Kingsley (Catafalque:443-444) – nada a fazer

Como Jung observou certa vez, ao apontar para as realidades da alma, “sou refutado em toda a linha, assim como alguém que profetiza uma tempestade quando não há uma única nuvem no céu”. Não há nada que possa parecer mais louco. “A verdade, porém, é que as questões da alma sempre estão abaixo do horizonte da consciência. E ao abordar esse problema da alma, estamos falando de coisas bem no limite do que é visível; sobre as coisas mais íntimas e frágeis; sobre flores que se abrem apenas à noite.”

Há momentos, como ele disse, em que você não continua tentando consertar ou resolver — quando, não apenas com um paciente difícil, mas com toda uma época, você reconhece que não há mais nada a ser feito. Então, como os grandes sufis e alquimistas perceberam, até mesmo orar é interferir: é um ato de desrespeito.

Naturalmente, isso não significa que você não se submeta a aceitar com humildade, com um senso genuíno de ética e responsabilidade, quaisquer deveres que lhe sejam impostos pela vida. Mas é apenas o que Jung chamou de “pessoas pequenas e fragmentárias” que sempre precisam se ocupar em fazer algo, melhorar algo.

E isso pode incluir até mesmo os psicólogos, tão ocupados com sua sacola de truques que perdem completamente a atmosfera crucial ou o espírito essencial do qual todo truque emerge e no qual ele também desaparecerá.

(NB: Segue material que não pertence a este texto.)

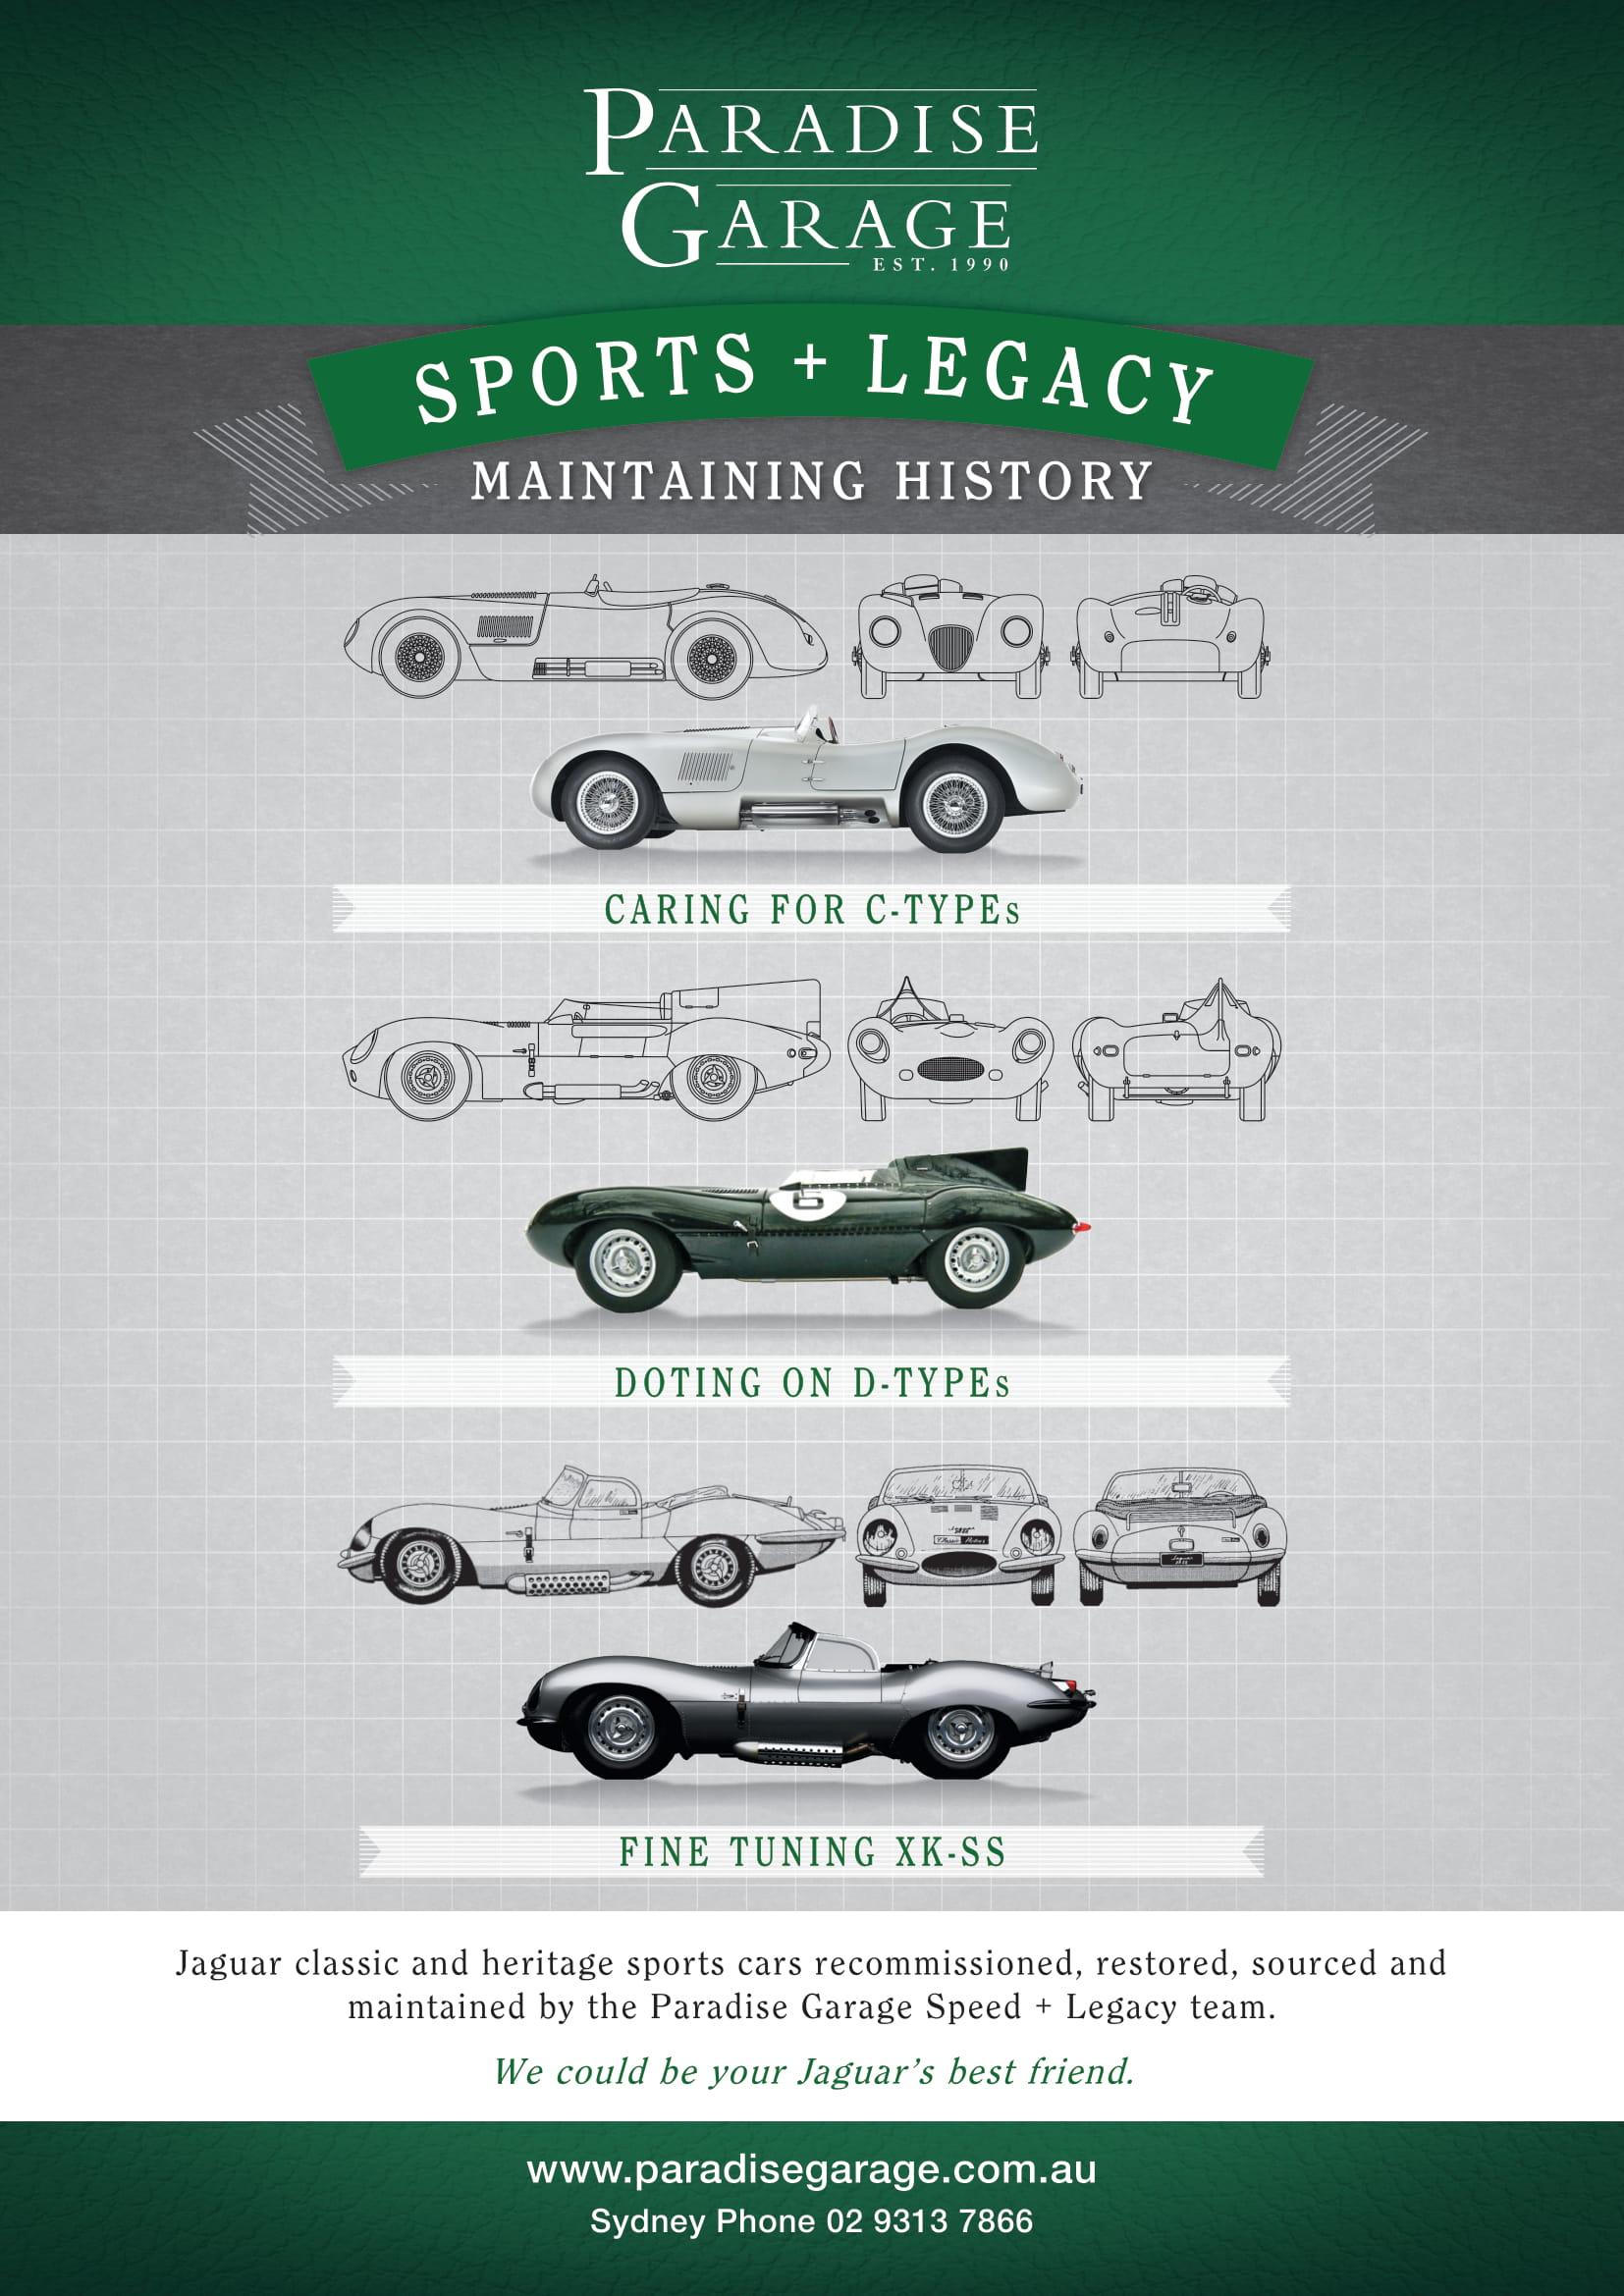 Paradise-Garage-Heritage-Jaguar-Speed-+-Legacy-Jaguar-C-D-XKSS-Maintaining-History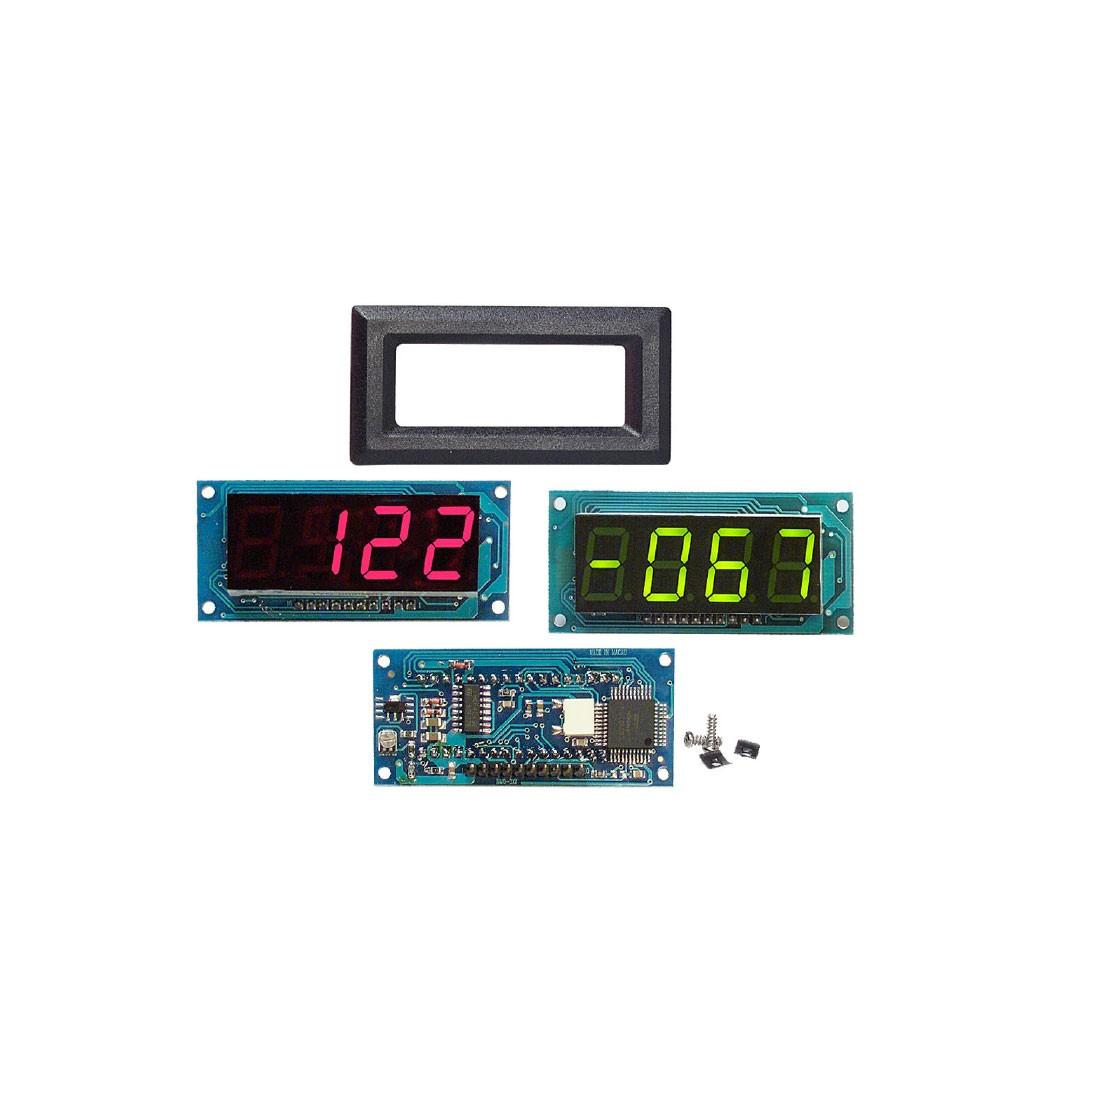 HDMO-3xx Series LED Digital Panel Meter

Todo o trabalho interno de exploração e integração nada mais é do que os primeiros passos preliminares e muito tímidos: pouco mais do que o mais rudimentar dos artifícios para distrair as pessoas por tempo suficiente de seus eus superficiais para que, talvez, por um momento ou dois ou até três, elas realmente comecem a enfrentar suas profundezas. Mas o objetivo final, como ele deixou bem claro, não é a integração.

É morrer e conscientemente nos deixarmos para trás, nos livrarmos de absolutamente tudo, eliminarmos todos os vestígios de identificação ou apego.

Quanto à existência de algum futuro: para mim foi bastante revelador, depois de anos dizendo às pessoas que nosso lugar é aqui no presente e que devemos deixar o futuro em paz porque ele pertence às pessoas do futuro, abrir o Livro Vermelho quando ele foi lançado e encontrar Jung dizendo a mesma coisa com as mesmas palavras. “O futuro deve ser deixado para aqueles que pertencem ao futuro.”

E, como ele paradoxalmente acrescenta, esse é “o grande caminho — o caminho do que está por vir”.

Assim como é necessário que haja pessoas que ajudem conscientemente a criar uma cultura, também é necessário que haja pessoas que ajudem conscientemente a acabar com ela. E este é o momento do catafalco, quando precisamos ser corajosos o suficiente para nos concentrarmos apenas no que é necessário, porque o catafalco também é para nós.

É o momento de aprendermos novamente nossas instruções primordiais ou originais, como os nativos americanos se referem a elas há séculos; é o momento de nos virarmos e encararmos nossos ancestrais, de dançarmos para os mortos.

KINGSLEY, P. Catafalque: Carl Jung and the end of humanity. London: Catafalque Press, 2018.